Successfully created vector store.


So to recap, we have successfully, ingested the documents from Dan Koe's letter from his website, then we have prepared the content of his posts into meaningful chunks then we have indexed the chunks by emedding them and using Chroma database so that we can effiicently retrieve responses based on the user's query. 

The next stage we will be putting all of thisngs together and we would actually build the RAG logic chain that will connect to the vector store to the LLM nad we will execute the chain by asking questions and getting responses. 


In the next stage we will further add more components that enable us to actually to retrieve the docuemnts that are relevant based on the user's question. 

In [8]:
from langchain_core.vectorstores import VectorStoreRetriever

@traceable(run_type="retriever")
def retrieve_documents(question: str, retriever: VectorStoreRetriever): 

    """
    A traceable function taking user's question and a retriever to return the most relevant
    document chunk.

    Args: 
        question (str): The user's question.
        retriever: The retriever instance used to fetch relevant documents.

    Returns:
        list: A list of the most relevant document chunks.
    """
    retrieved_docs = retriever.invoke(question)

    return retrieved_docs


Now that we have set up our retriever we would need specify the format we would like our prompt to be returned.
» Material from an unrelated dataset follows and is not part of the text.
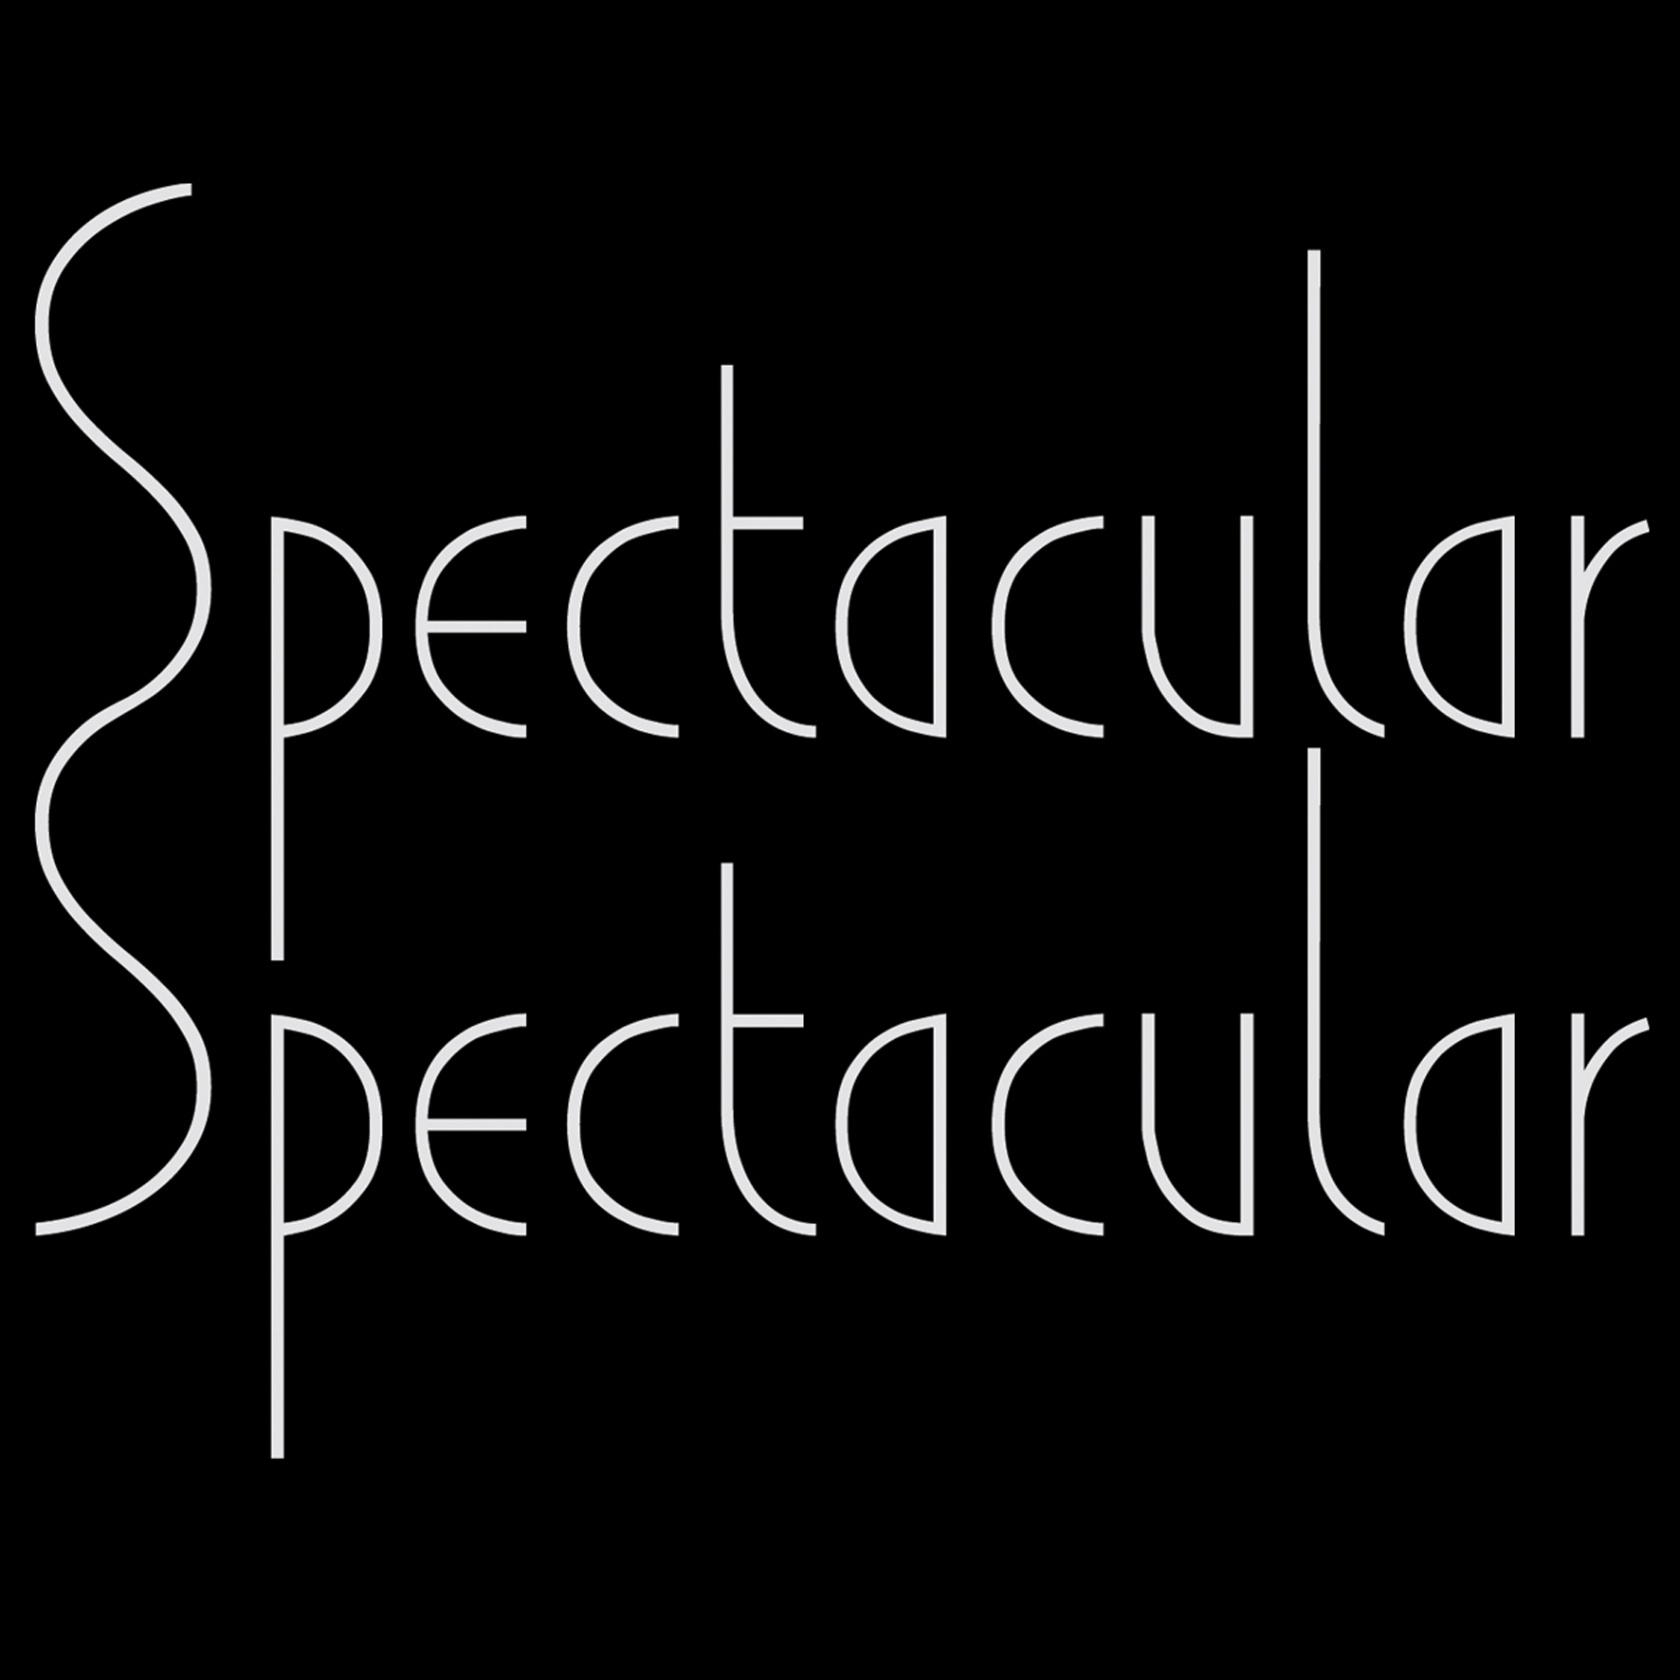 spectacular_spectacular_invert

So we will define a function that will format the documents into a single string and then set up the final prompy which will be sent to the LLM. 

In [9]:
@traceable(run_type="prompt")
def format_documents(question: str, documents: list): 

    """
    Traceable function that format the retrieved documents and teh question into a structured prompt
    so that it can be passed on to the LLM 

    Args: 
        question (str): The user's question 
        documents (list): The list of retrieved document chunks
    """
    formatted_docs = "\n".join(doc.page_content for doc in documents)


    final_prompt = f"""
            Answer the question based on the following context.
            If you don't know the answer disclose to the user that you do not know the answer.

        Context:
        {formatted_docs}

        Question: 
        {question}
         """
    
    return final_prompt 

Now that we have set up the logic for the propt constriction we we would require our LLM to feed it into. We will be using our Gemini model and then we would also us a parser in order so as to only extract the content from the model. 

In [None]:
from langchain_google_genai import ChatGoogleGenerativeAI
from langchain_core.output_parsers import StrOutputParser

model_name = "gemini-2.5-flash-lite"
temperature = 0.0
@traceable(run_type = "llm", 
           metadata={'model_name': model_name, 'model_provider': 'google'})
def call_llm(prompt: str, model :str, temperature:float = 0.0) -> str: 

    # Setup the LLM Model we are working with 
    model = ChatGoogleGenerativeAI(model = model_name, temperature = temperature)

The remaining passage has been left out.